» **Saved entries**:
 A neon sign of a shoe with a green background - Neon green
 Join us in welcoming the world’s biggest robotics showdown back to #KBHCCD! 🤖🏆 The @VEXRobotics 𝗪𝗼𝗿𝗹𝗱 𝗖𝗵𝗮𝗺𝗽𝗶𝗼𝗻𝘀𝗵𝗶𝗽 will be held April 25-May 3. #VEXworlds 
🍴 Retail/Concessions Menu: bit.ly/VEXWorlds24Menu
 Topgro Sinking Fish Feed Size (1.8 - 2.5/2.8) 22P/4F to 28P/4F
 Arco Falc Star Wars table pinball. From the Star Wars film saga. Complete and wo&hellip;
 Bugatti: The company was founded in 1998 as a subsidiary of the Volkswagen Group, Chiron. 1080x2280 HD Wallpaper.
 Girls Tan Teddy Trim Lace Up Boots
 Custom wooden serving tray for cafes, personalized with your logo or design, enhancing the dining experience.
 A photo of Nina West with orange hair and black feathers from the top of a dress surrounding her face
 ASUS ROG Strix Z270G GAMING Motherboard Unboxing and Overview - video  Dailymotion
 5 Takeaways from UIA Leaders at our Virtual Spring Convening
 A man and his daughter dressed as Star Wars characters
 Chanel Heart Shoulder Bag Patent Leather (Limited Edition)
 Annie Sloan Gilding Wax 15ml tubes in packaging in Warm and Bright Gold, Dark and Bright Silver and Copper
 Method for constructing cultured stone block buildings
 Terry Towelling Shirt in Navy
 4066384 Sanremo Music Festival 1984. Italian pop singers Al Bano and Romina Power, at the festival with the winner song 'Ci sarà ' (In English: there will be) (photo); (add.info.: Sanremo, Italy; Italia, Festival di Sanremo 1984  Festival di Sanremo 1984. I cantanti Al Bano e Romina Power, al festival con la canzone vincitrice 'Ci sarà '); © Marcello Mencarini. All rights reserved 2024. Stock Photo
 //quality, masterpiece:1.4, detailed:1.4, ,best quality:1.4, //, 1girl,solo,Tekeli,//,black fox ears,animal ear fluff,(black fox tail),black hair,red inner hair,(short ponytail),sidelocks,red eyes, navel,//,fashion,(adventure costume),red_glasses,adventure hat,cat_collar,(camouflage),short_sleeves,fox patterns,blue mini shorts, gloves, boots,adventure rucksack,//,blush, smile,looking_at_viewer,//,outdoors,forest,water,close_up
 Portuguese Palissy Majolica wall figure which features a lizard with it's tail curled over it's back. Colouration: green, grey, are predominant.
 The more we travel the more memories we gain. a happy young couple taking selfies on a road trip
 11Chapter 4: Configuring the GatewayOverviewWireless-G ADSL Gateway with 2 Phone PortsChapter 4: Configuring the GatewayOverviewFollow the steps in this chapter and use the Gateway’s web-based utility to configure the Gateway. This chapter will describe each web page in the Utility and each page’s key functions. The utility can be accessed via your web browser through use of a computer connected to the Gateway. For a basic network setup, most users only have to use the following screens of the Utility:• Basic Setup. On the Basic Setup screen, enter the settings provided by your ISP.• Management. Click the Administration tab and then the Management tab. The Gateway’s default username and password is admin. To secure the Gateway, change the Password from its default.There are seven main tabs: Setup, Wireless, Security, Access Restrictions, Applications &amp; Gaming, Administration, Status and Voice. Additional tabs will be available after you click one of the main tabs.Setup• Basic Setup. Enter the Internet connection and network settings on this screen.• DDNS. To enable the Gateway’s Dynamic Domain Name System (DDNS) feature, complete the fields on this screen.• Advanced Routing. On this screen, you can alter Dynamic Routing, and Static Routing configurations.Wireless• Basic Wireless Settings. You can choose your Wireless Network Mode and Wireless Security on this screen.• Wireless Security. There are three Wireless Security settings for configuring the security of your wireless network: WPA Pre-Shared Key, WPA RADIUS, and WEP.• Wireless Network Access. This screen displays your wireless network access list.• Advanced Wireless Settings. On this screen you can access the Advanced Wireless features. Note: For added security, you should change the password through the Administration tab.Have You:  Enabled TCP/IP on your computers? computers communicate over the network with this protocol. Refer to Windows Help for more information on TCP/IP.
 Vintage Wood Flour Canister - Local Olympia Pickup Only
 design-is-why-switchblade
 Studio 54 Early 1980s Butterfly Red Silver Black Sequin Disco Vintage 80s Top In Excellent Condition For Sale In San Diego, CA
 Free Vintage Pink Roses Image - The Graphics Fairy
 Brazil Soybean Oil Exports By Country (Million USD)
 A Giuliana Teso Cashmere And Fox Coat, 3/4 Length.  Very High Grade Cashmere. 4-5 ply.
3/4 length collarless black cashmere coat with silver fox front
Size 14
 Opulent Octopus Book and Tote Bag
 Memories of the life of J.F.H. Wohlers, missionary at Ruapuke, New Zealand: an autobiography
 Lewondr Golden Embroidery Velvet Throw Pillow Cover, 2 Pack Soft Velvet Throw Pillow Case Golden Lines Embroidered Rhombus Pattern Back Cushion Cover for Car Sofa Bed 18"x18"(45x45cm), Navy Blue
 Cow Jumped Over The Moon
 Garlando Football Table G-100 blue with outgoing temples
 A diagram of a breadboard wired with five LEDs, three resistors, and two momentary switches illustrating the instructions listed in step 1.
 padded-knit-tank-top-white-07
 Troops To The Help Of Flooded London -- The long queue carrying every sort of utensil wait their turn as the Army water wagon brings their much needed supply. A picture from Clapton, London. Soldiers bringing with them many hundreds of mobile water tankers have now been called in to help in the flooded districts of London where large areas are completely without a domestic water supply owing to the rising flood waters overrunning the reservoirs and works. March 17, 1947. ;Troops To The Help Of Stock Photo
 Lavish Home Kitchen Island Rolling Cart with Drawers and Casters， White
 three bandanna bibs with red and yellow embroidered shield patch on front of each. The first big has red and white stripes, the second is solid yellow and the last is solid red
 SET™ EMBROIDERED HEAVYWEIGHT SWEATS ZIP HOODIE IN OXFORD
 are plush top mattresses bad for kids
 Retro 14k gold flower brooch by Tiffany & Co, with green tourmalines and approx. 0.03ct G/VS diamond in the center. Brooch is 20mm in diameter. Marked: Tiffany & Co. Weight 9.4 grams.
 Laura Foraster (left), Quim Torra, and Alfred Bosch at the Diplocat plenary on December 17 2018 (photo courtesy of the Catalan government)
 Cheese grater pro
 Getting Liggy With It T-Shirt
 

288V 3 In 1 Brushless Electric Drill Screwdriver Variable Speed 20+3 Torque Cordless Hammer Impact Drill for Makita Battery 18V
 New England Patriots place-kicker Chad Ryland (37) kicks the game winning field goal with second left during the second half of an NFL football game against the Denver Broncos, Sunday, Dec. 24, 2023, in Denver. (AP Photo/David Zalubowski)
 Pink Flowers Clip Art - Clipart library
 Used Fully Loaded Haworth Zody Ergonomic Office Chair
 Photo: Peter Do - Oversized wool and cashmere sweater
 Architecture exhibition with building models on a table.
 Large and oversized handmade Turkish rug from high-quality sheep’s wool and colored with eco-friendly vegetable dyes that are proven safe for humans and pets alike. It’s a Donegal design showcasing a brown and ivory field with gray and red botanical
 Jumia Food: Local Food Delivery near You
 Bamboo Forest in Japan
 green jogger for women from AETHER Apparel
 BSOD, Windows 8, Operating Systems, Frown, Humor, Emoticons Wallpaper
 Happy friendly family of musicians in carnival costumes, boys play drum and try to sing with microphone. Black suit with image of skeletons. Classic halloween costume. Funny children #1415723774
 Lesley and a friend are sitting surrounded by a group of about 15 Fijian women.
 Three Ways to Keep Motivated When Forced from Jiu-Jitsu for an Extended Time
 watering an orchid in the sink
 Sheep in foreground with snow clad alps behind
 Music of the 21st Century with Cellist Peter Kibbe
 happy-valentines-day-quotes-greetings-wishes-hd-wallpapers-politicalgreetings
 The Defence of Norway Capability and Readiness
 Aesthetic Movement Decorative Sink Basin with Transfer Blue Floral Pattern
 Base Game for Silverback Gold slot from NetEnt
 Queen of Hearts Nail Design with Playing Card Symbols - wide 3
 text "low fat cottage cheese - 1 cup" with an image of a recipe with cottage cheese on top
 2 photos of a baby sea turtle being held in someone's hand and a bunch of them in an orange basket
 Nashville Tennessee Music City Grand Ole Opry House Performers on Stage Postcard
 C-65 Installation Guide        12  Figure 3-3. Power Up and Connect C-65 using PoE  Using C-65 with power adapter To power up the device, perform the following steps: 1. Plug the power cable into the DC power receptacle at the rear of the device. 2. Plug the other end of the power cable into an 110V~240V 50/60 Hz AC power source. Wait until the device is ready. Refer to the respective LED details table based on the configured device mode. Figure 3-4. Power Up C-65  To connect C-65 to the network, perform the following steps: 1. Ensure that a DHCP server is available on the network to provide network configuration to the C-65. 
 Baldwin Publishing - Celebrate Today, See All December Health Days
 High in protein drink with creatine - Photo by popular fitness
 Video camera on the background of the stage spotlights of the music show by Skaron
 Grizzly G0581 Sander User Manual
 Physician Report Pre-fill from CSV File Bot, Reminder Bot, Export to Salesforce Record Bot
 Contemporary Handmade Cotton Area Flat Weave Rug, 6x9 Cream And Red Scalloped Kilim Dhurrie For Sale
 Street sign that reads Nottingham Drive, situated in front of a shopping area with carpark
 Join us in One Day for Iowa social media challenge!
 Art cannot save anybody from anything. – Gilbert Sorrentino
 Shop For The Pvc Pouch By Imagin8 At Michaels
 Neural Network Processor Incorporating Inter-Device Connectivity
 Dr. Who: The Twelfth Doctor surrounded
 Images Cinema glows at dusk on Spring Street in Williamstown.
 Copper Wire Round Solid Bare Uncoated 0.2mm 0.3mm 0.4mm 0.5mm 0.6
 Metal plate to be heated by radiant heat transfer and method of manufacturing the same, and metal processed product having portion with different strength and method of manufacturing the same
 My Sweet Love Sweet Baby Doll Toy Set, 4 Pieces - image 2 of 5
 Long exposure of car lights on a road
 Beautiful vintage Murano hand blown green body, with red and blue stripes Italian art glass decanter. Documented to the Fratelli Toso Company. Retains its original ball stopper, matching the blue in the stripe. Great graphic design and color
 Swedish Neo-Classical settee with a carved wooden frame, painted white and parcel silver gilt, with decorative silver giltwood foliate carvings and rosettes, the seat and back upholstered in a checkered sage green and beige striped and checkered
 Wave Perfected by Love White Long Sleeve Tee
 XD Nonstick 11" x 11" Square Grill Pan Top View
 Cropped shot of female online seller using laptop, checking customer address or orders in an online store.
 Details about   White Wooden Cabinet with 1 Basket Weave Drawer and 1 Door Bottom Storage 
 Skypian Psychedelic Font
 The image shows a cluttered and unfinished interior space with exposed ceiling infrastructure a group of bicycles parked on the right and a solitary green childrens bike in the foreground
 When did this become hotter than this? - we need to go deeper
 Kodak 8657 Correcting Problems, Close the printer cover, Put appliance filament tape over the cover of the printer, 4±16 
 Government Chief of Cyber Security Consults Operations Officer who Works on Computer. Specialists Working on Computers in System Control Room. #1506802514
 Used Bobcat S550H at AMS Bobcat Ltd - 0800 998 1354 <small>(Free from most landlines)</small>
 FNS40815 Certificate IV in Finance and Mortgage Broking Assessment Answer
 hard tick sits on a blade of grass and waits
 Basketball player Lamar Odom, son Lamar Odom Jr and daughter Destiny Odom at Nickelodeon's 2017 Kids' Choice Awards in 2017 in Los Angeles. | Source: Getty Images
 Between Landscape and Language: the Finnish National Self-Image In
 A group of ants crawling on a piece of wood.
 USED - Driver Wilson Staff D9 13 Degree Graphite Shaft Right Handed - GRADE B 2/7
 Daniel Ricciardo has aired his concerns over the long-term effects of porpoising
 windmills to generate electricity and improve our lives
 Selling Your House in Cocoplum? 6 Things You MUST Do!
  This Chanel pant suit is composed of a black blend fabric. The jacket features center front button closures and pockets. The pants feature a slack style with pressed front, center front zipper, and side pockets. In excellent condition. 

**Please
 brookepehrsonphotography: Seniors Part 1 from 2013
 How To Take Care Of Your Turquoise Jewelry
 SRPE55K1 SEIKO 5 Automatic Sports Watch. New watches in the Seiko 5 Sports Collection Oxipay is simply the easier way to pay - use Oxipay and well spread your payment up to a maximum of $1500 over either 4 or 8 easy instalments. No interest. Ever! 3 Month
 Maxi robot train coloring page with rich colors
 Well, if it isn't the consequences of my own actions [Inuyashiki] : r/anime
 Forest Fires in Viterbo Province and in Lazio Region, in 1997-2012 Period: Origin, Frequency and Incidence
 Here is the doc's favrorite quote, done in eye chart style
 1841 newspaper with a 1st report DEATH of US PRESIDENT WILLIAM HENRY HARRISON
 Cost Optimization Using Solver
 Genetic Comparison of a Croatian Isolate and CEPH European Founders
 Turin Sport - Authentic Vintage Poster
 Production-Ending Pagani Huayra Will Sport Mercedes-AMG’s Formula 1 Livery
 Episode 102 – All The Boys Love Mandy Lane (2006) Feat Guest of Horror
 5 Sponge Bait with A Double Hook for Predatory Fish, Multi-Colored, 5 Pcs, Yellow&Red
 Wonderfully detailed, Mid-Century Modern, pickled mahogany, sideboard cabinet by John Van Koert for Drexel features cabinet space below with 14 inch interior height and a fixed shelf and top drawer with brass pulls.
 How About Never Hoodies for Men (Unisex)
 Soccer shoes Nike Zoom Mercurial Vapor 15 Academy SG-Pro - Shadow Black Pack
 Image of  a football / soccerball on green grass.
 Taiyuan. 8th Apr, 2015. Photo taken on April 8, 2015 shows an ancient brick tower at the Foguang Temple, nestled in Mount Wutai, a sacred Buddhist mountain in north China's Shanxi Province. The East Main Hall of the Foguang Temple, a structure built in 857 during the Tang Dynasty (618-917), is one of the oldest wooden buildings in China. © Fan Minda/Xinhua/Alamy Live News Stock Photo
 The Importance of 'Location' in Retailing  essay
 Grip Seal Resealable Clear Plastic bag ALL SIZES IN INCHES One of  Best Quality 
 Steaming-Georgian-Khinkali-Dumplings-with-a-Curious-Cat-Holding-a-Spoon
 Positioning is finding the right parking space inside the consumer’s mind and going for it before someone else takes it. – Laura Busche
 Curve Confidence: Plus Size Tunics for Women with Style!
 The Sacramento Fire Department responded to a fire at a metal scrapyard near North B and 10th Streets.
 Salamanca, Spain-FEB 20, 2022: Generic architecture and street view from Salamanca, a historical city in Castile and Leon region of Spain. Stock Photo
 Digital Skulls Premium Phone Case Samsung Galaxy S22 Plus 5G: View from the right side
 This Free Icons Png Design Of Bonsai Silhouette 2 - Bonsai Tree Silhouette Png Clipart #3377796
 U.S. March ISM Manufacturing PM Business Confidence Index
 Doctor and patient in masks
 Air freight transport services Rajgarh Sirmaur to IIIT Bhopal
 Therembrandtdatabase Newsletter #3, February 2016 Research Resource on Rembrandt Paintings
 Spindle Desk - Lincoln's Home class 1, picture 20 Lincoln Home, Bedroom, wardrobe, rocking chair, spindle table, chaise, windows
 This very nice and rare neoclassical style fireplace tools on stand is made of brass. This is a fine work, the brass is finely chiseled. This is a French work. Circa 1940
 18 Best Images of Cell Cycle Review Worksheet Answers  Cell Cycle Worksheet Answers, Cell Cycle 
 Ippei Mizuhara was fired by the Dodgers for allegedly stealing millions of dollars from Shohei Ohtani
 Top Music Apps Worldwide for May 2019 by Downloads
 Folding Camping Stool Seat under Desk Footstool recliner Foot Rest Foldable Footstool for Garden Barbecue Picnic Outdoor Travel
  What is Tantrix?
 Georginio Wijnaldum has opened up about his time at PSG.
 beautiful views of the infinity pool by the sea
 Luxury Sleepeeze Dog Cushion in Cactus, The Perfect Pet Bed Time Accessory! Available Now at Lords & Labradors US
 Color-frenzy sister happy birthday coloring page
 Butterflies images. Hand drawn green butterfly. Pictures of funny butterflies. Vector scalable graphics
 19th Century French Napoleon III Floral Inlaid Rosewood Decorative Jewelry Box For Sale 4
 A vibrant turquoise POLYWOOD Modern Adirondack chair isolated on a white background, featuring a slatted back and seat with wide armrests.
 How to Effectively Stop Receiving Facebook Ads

» **WORK TO COMPLETE**: Go through the entries and copy each line holding the string "them".

» **EXERCISE SOLUTION**:
 Troops To The Help Of Flooded London -- The long queue carrying every sort of utensil wait their turn as the Army water wagon brings their much needed supply. A picture from Clapton, London. Soldiers bringing with them many hundreds of mobile water tankers have now been called in to help in the flooded districts of London where large areas are completely without a domestic water supply owing to the rising flood waters overrunning the reservoirs and works. March 17, 1947. ;Troops To The Help Of Stock Photo
 2 photos of a baby sea turtle being held in someone's hand and a bunch of them in an orange basket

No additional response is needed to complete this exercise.